Email from Alan Rudolph, Vice President for Research on April 3, 2020
Dear CSU research community,
Thank you for your unprecedented and selfless dedication in adhering to (and in some cases developing) public health efforts being required to contain the current COVID pandemic. The Office of the Vice President for Research realizes the stresses that have suddenly been imposed on all phases of your lives, and how difficult it has been to balance changes at home, in the classroom, and in the laboratory that have occurred with such rapidity.
There are tremendous efforts underway in a number of labs with expertise to respond to the pandemic, whether that be discovery of new therapeutics and vaccines or testing of personal protective equipment to augment predicted shortages of these life-saving instruments. There are also, however, a very large number of laboratories that have had to close down during this period. We realize the unease and frustration that this is causing, and the significant and difficult impacts this cessation of operations as usual is having on student researchers, faculty and staff paid from sponsored funds, and indeed in the progress of important scientific inquiry.

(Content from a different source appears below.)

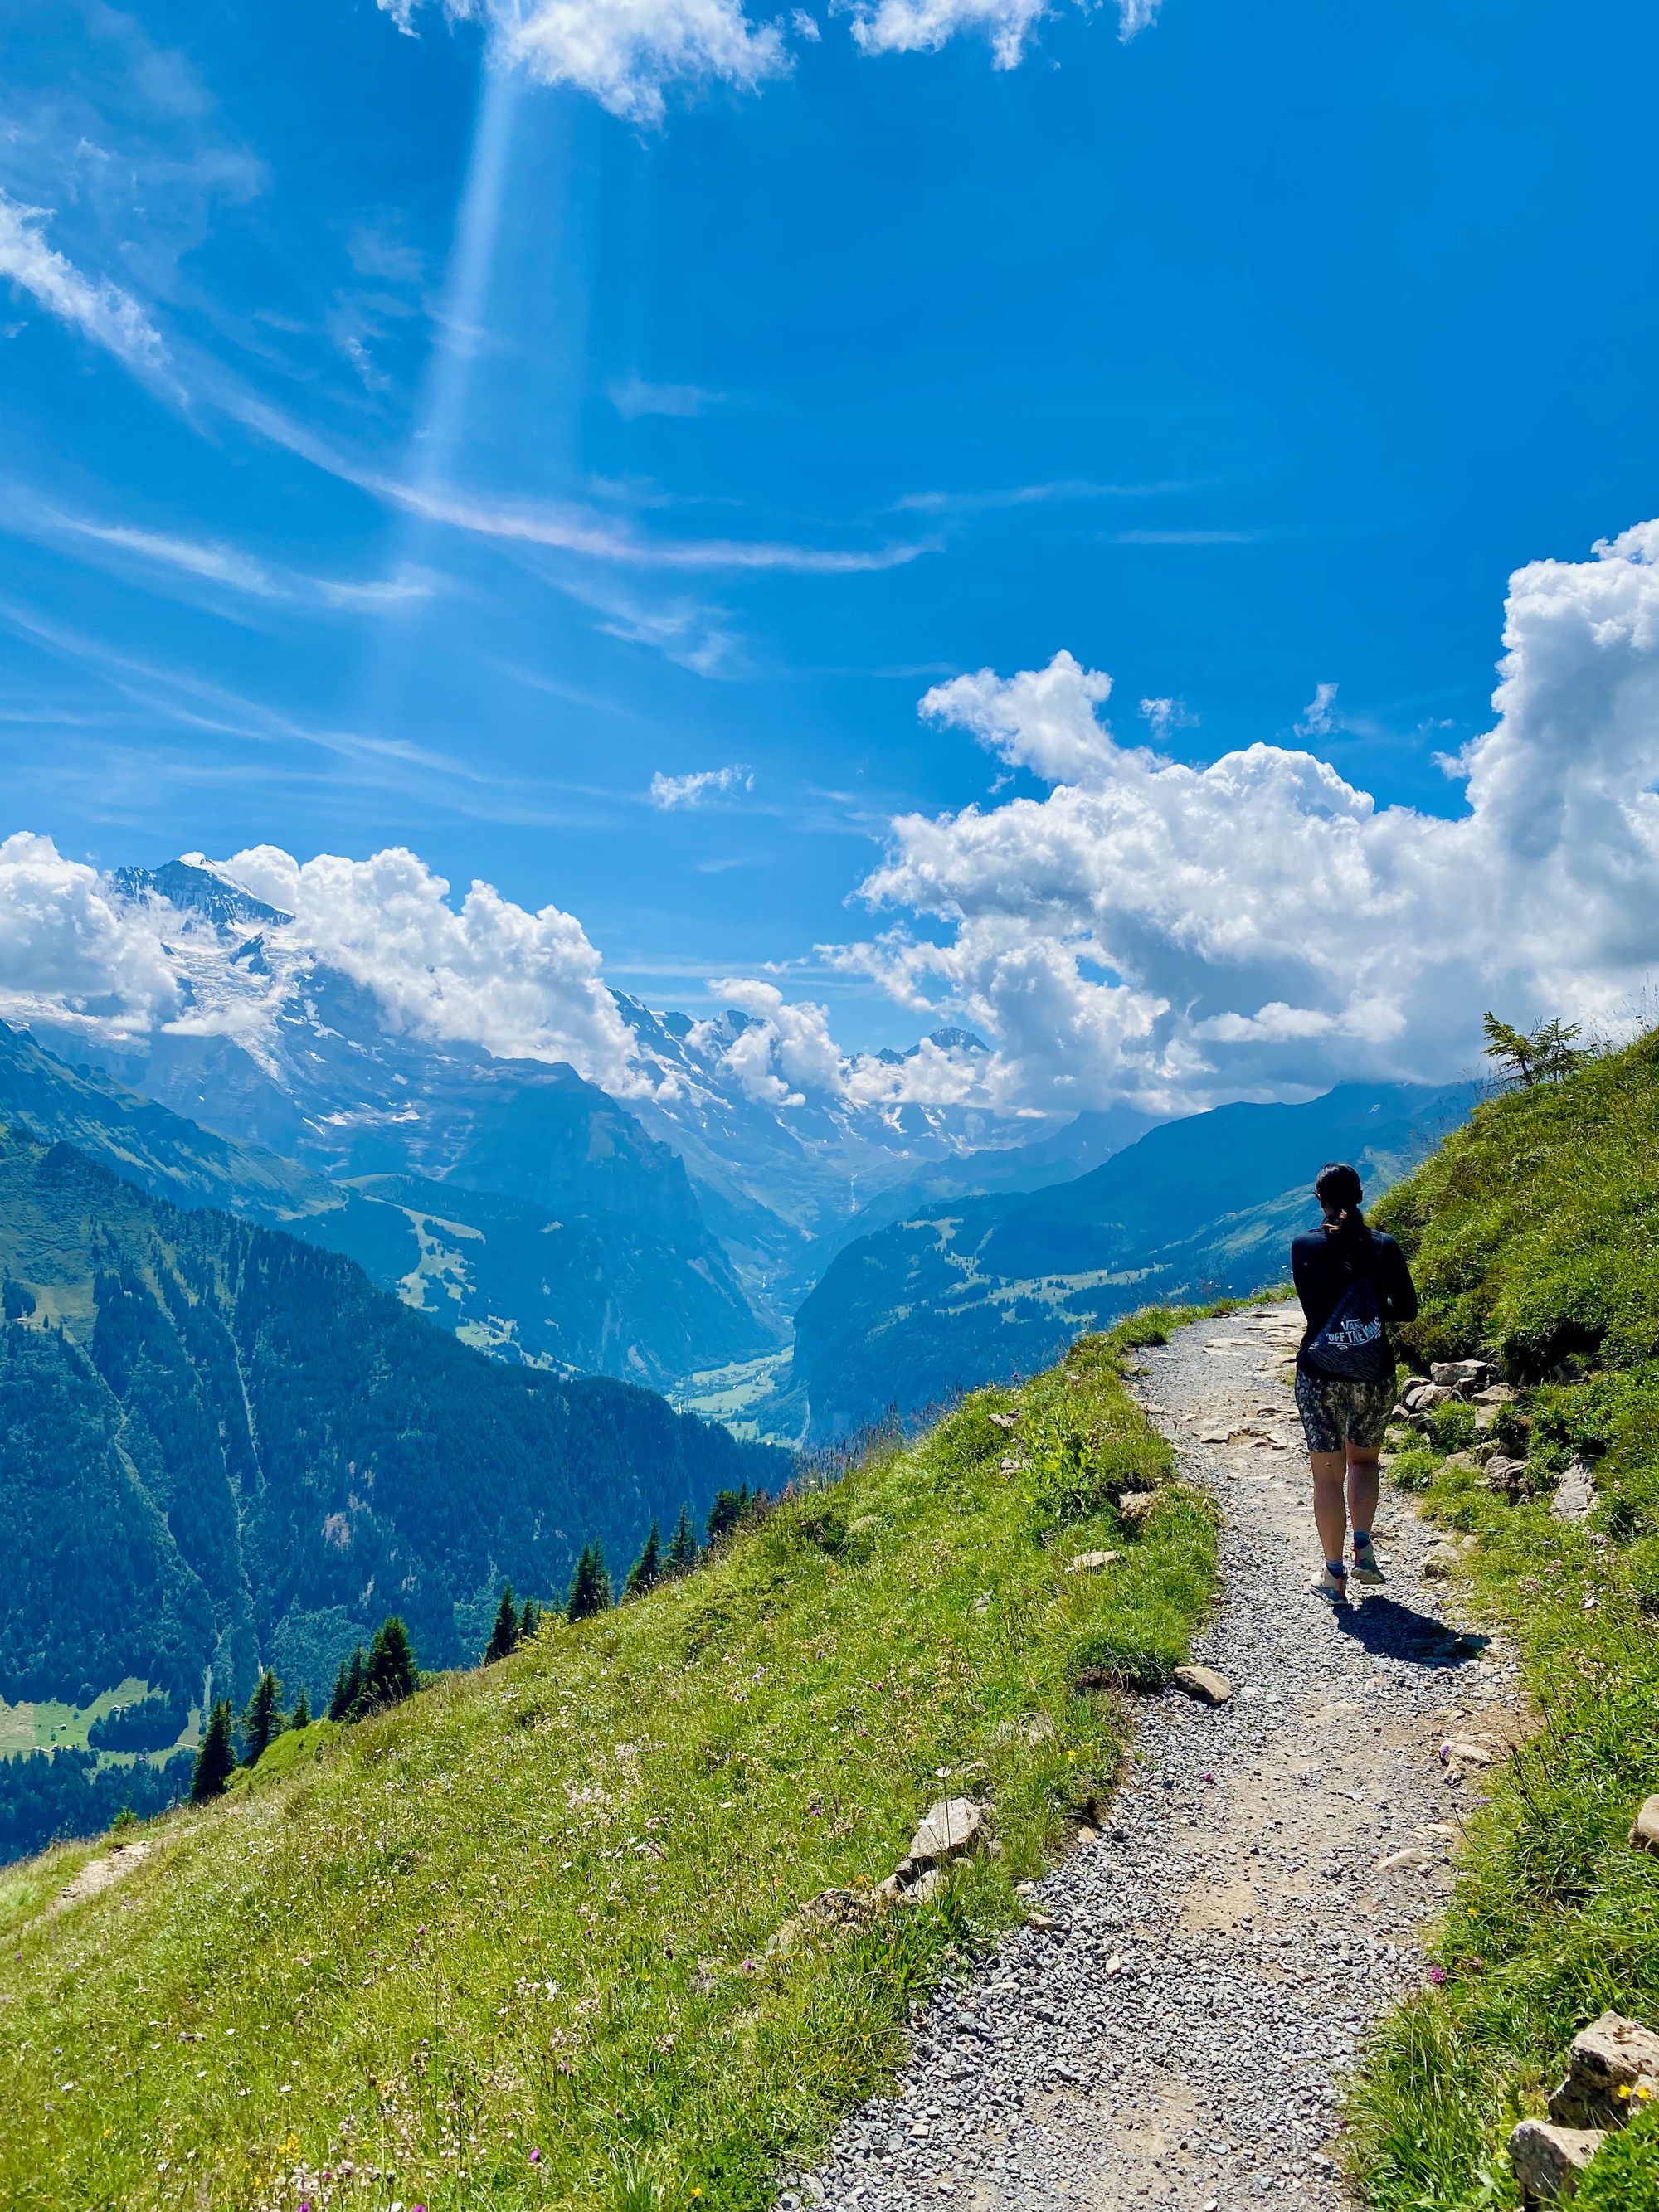 Silvia on a trail on the swiss mountains with Lauterbrunnen valley in the background

Although we have primarily been working in react mode, we realize the importance of starting to plan an exit strategy from our current status that considers the safety of personnel as well as the security of returning to our familiar roles and routines. We are in communication with central leadership about many of the questions you are undoubtedly having about the resource impact from this abrupt shut down of operations. We will continue to update our research continuity website with resources available to our research community and we will stay in touch via email. We will also begin considering what the re-entry phase may look like, and provide communication about these thoughts and policy development that is underway as processes begin to unfold.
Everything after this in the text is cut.